By then, though, the UK government had already proven its inadequacy when it came to dealing with asylum seekers and migrants. As reported by the Guardian at the end of the 2010s, it had one of the lowest refugee acceptance rates in Europe, and those that did make it into the country were (and are) treated with hostility.

Then, of course, there’s the Windrush scandal in 2018, which proved that even legal migrants aren’t safe. Still, “More Passion” hung in Number 10, then home to Theresa May, head of a government that was arguably responsible for its own portion of “the atrocities taking place in this world”.

BREXIT?

OK, Tracey Emin herself actually spoke out about this one, expressing regret for cosying up to Cameron and his New Labour predecessor, Tony Blair, in the wake of the vote to leave the EU. “It really aggrieves me to know that I supported both of these men,” she said at an exhibition launch in 2019 (via Politico), and went on to voice her support for a second Brexit referendum.

Then again, at the same opening she also declared that Cameron and Blair — who she called out for his immoral invasion of Iraq, by the way — were “fine politicians and essentially good people, (who) will be remembered in history for doing the most terrible things to our political system and I don’t understand why they fell for it, I don’t understand why they did it”. Hmm, maybe they were just overcome with patriotic “Passion”?

WHAT ABOUT THEIR ANTIPATHY TO THE ARTS?

Ironically, given their love of Young British Artists like Tracey Emin, the Tories have an abominable track record when it comes to actual young, British artists. Could it be because their work doesn’t also come with million-pound price tags? Surely not.

But you’d think that Emin would have wanted to distance herself from a government with an obvious disregard for the arts, especially during the pandemic, which has seen Tories suggest that creatives simply retrain as something more useful, while slashing funding for courses in “dead-end” subjects such as music and art. But no, it was the garden parties that did it.

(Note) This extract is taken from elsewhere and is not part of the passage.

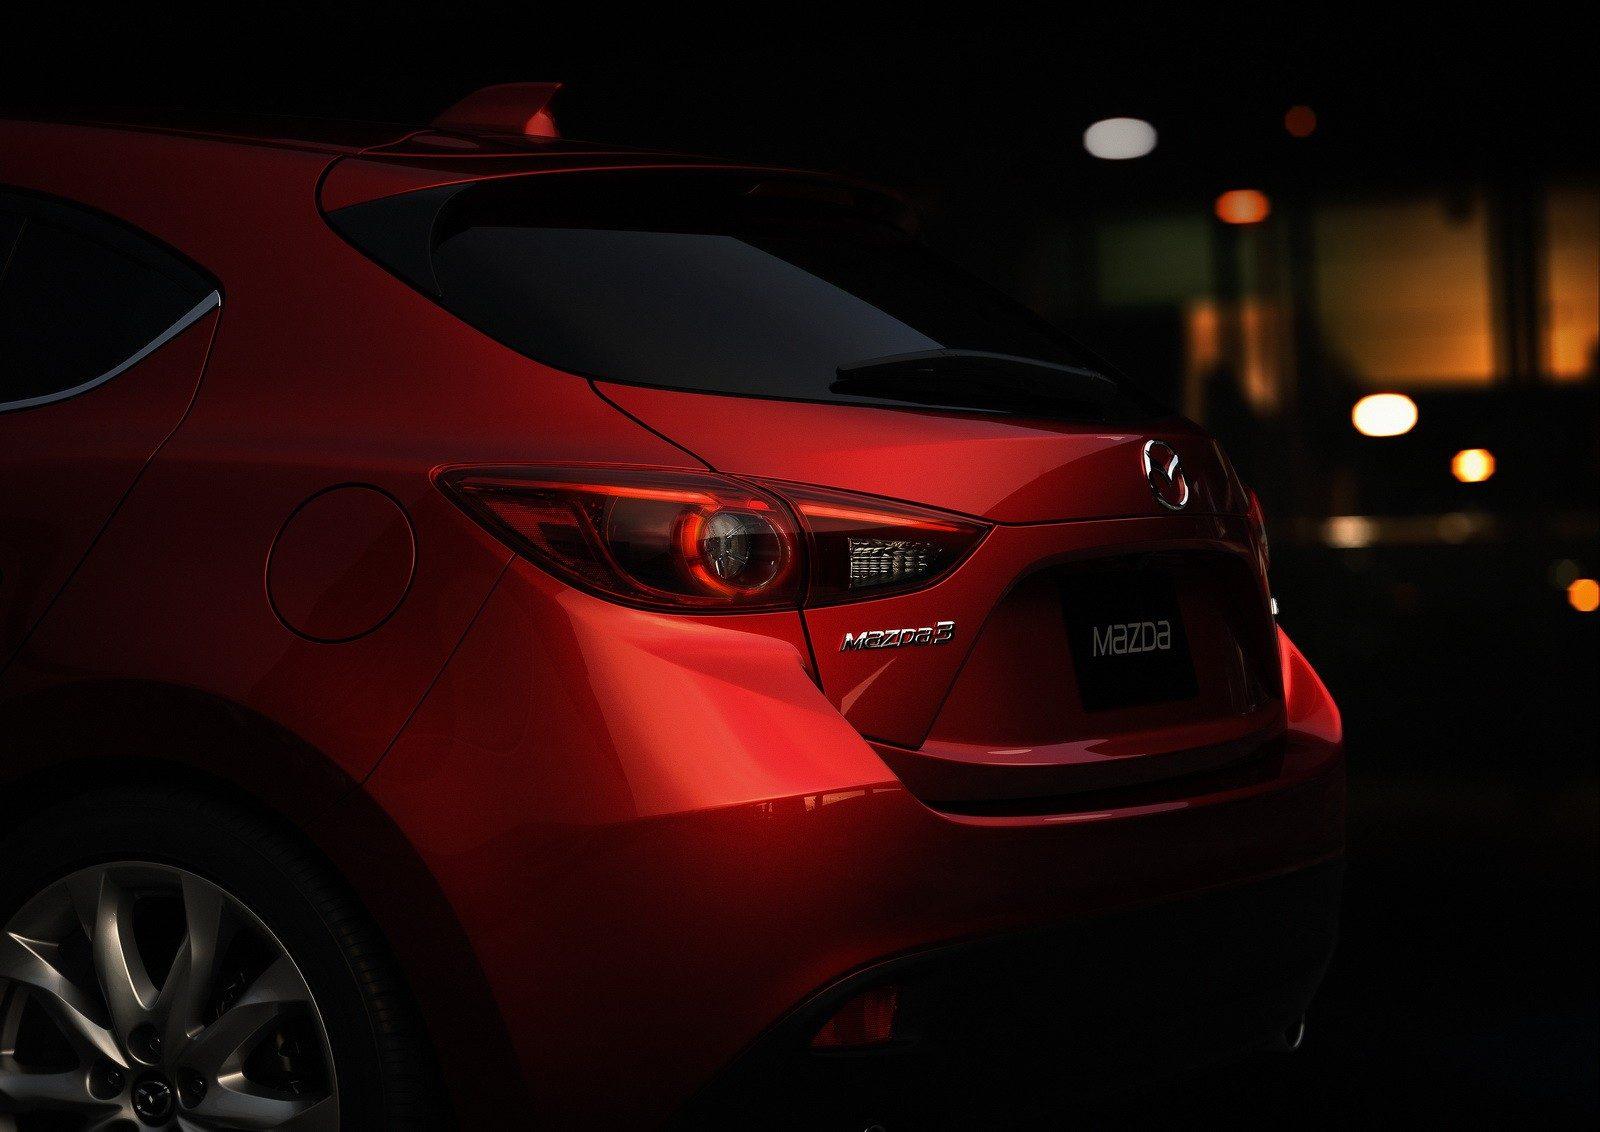 2014 Mazda3 5D NYC (41)

Incidentally, Downing Street has now announced that it will hold talks with Emin about her request for the artwork’s removal. “My understanding is that the work was gifted to the government art collection with an agreement to initially display it in No 10,” says a spokesperson for Boris Johnson. “We will obviously now discuss the location of the work with the artist, and I believe it will remain part of the government art collection that displays works in a number of locations.”